> **Problem details**
Exactly the line that contains "SVG of Abstract" and the lines following it to the end of the data are to be reproduced, and nothing more.

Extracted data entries

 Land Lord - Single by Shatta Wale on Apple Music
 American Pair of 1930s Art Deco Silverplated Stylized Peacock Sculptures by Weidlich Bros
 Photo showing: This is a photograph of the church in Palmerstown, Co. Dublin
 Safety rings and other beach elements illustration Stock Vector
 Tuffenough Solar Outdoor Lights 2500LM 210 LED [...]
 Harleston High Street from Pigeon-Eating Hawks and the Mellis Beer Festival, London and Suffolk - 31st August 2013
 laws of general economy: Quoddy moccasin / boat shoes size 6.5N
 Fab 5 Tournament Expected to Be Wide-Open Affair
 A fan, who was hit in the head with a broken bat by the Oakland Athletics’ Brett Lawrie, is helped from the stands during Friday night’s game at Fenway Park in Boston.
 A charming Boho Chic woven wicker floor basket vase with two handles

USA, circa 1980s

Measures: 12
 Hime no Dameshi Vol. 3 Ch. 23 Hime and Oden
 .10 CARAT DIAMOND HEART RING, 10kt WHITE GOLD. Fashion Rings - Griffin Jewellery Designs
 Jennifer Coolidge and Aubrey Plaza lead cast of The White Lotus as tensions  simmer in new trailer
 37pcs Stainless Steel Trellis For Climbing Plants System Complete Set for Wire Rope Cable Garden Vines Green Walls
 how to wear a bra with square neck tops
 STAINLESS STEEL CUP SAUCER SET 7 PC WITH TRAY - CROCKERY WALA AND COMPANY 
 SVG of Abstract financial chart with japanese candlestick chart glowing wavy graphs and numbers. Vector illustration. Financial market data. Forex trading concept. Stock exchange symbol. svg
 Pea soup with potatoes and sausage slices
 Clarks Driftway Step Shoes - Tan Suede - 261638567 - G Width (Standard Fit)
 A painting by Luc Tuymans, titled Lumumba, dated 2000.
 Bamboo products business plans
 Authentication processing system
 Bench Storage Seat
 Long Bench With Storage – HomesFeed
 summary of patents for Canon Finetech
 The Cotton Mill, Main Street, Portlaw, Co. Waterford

> **Written response**
 SVG of Abstract financial chart with japanese candlestick chart glowing wavy graphs and numbers. Vector illustration. Financial market data. Forex trading concept. Stock exchange symbol. svg
 Pea soup with potatoes and sausage slices
 Clarks Driftway Step Shoes - Tan Suede - 261638567 - G Width (Standard Fit)
 A painting by Luc Tuymans, titled Lumumba, dated 2000.
 Bamboo products business plans
 Authentication processing system
 Bench Storage Seat
 Long Bench With Storage – HomesFeed
 summary of patents for Canon Finetech
 The Cotton Mill, Main Street, Portlaw, Co. Waterford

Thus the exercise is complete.